Uncovering a city's past
Updated: 2013-04-25 03:02
A Catholic church, built in 1902, remains in use in Zhanjiang, as an example of the city's colonial-era architecture. Zou Zhongpin / China Daily
Guangzhouwan, a former treaty port in Guangdong province, features early 20th-century French architecture that tells of its storied past. Li Wenfang takes a closer look.
Researching the history of Guangzhouwan during its French occupation can easily provide material for a hundred doctorate degrees. At least this is what He Jie, a local journalist and head of the society being built on such research, believes.
Guangzhouwan once referred to an area made up of a few villages on Guangdong province's Nansan Island. It is now part of the city of Zhan-jiang, located in the southwestern part of the province.
The name Guangzhouwan, also spelled Kwangchowan, was adopted when 518 sq km of land and some of its surrounding sea, was leased by the Qing Dynasty (1644-1911) to France in 1899. In 1943, it was occupied by Japan, and two years later returned to China, after which it was renamed Zhanjiang.
Guangzhouwan's colonial history has been largely "covered in dust" and deserves attention from Chinese scholars, He says.
Previous Chinese studies on Guangzhouwan merely focused on the Chinese resistance to French invaders, says Ye Caiping, former deputy curator of the Zhanjiang Museum.
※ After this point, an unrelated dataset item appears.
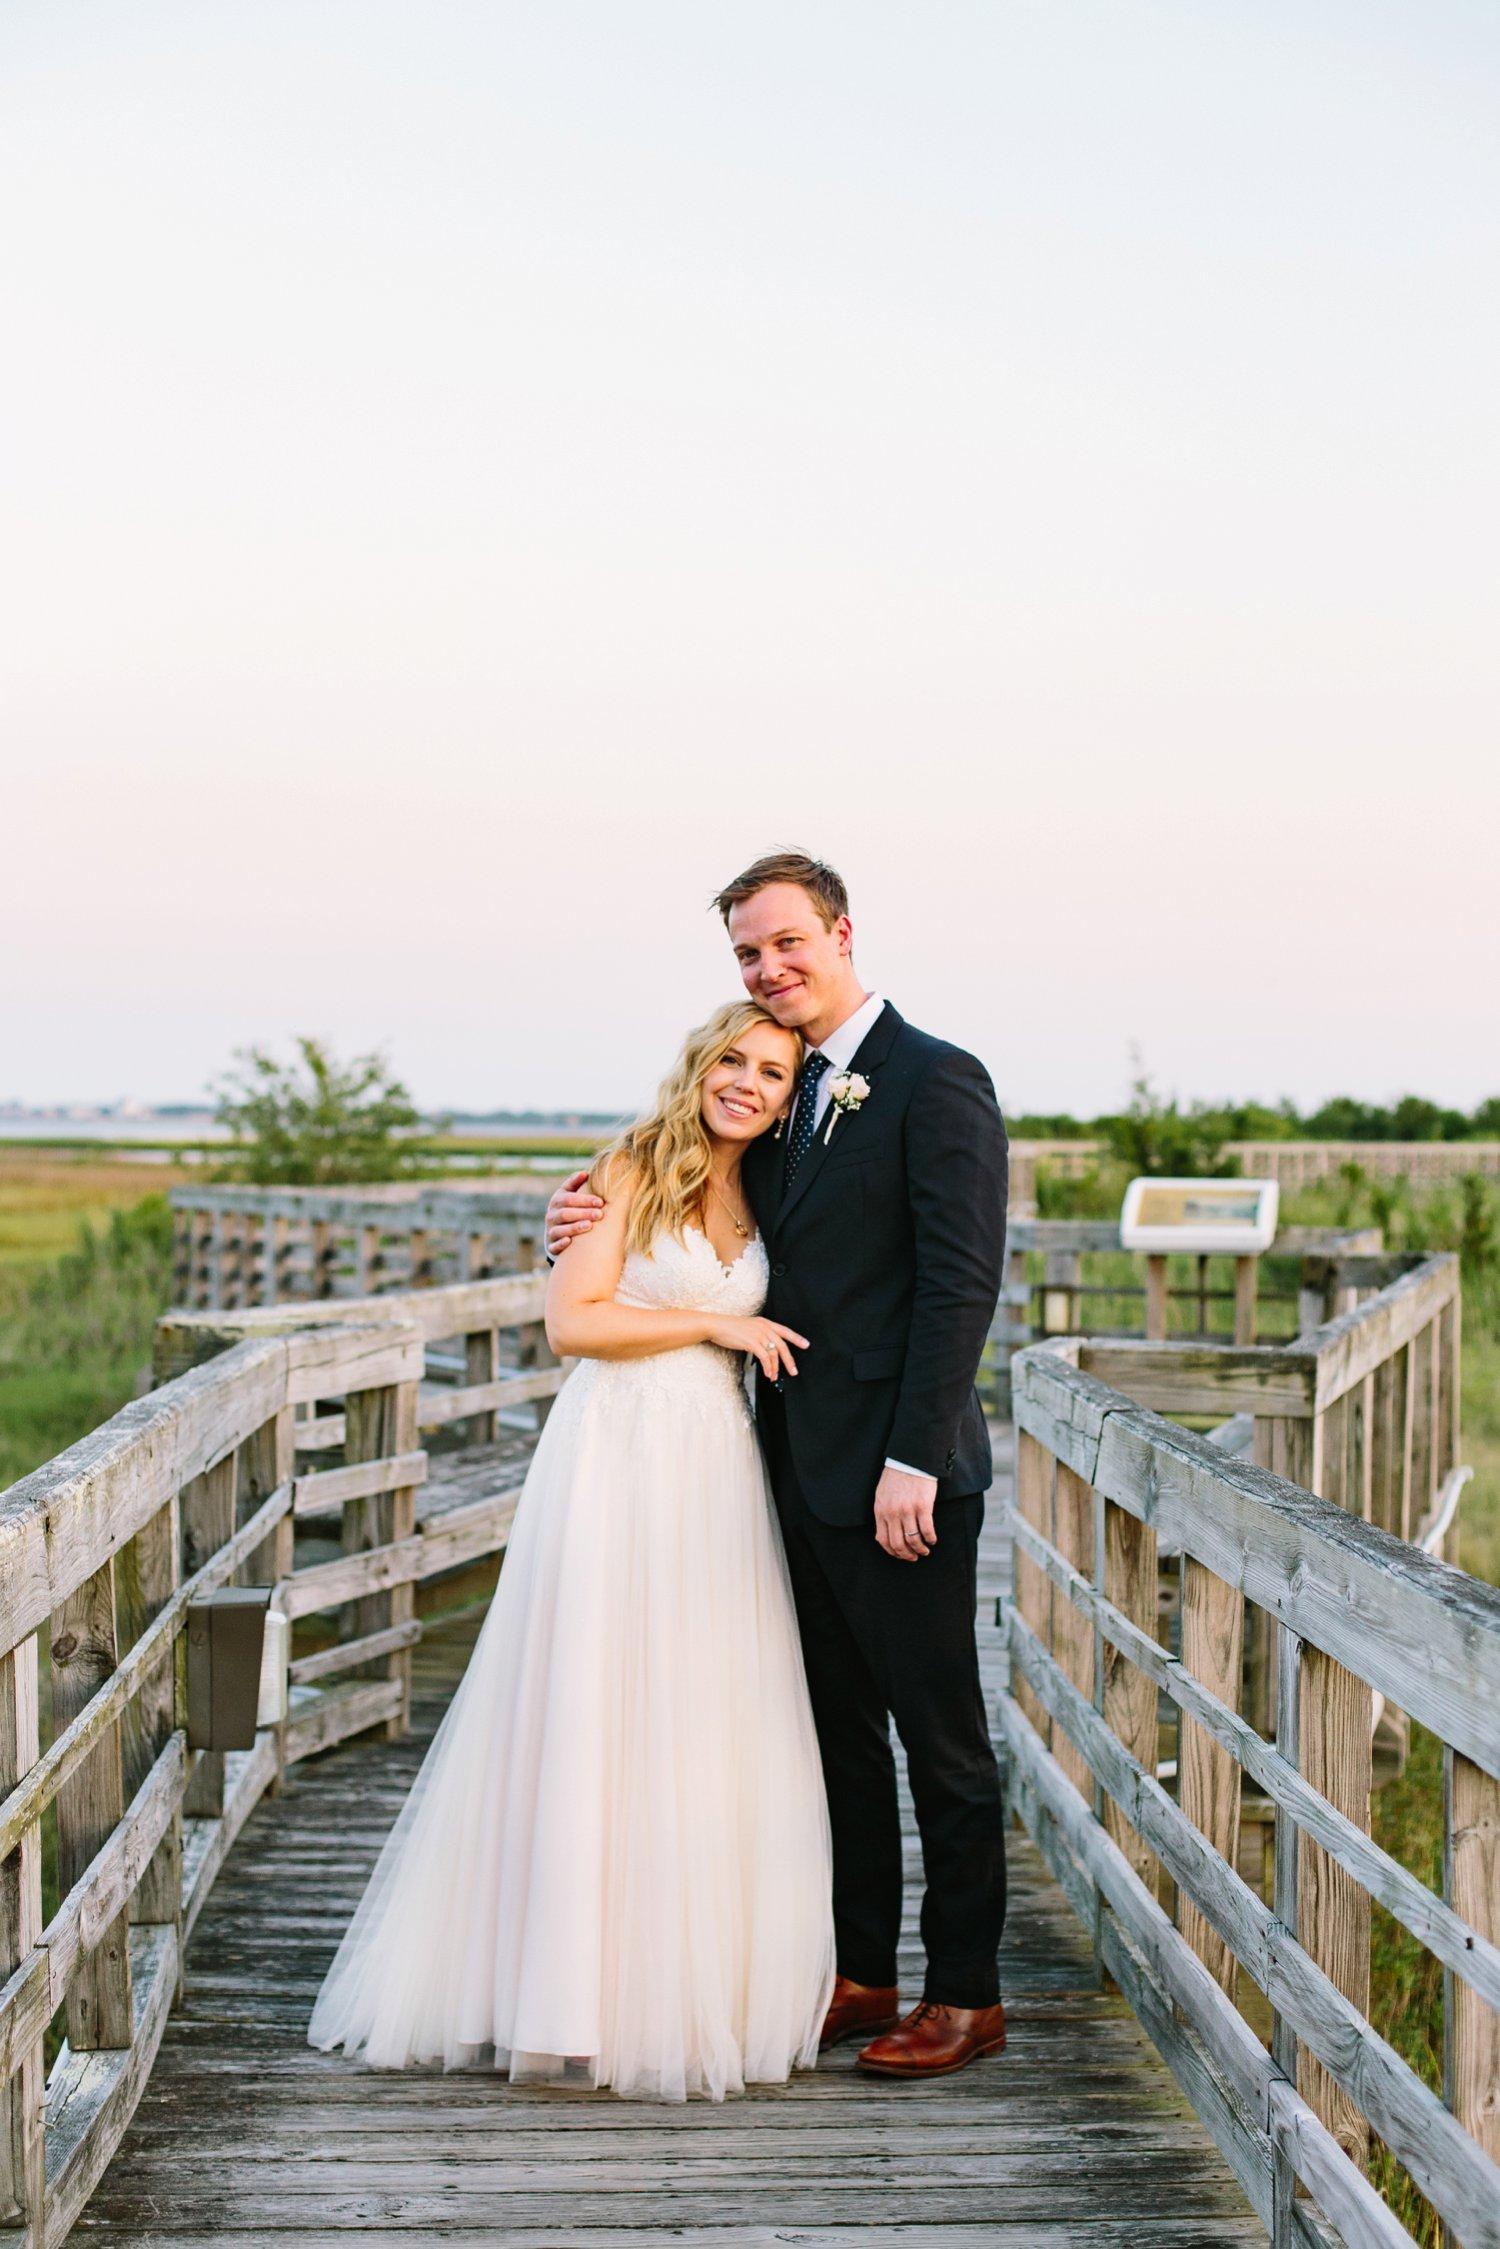 Lindsey_A_Miller_Photography_wedding_southport_community_building_bubbly_events_north_carolina_coasta_cannon_nautical_historic_060.jpg

Guangzhouwan became a duty-free port in 1912. The French designed it to counter the growing power of neighboring Hong Kong, then under British rule, He says.
Its once vibrant foreign trade — reaching a peak of 160 million francs in 1916, as a French general put it in his memoir — is only the tip of Guangzhouwan history's iceberg.
After the War of Resistance against Japanese Aggression broke out in 1937, it remained the only free port connecting China with the rest of the world, and its business thrived.
Wen Yiduo, a contemporary Chinese poet, included Guangzhouwan in his famous poem Songs of Seven Sons. Written in 1925, the poetry talked about the seven places along the Chinese coast ceded to foreign powers and how the Chinese longed for their return to the motherland.
But at the same time, people realized foreign occupation also brought new ideas into China.
"The French leasing Guangzhouwan was indeed an act of invasion, which deserved the resistance of our nationals. But they also brought in Western culture, which deeply influenced the lives of people living in the leased area," Zhu Yu, a former director of Zhanjiang's bureau of culture, wrote in his preface to a book on contemporary buildings in Zhanjiang, published last year.
Zhu mentioned Guangzhouwan's hospital built in 1922, as well as its first power plant, constructed in 1927.
"A city without history is pitiable. Buildings record the history of a city, show historical development and witness social development," he wrote.
"Through buildings, the elderly recollect past lives, while the young get to know history to better steer the future."
Many books and papers on Guangzhouwan can be found in libraries in France, but translating them will be a mammoth task, Ye says.
A visitor to Zhanjiang, however, can still see traces of its colonial past.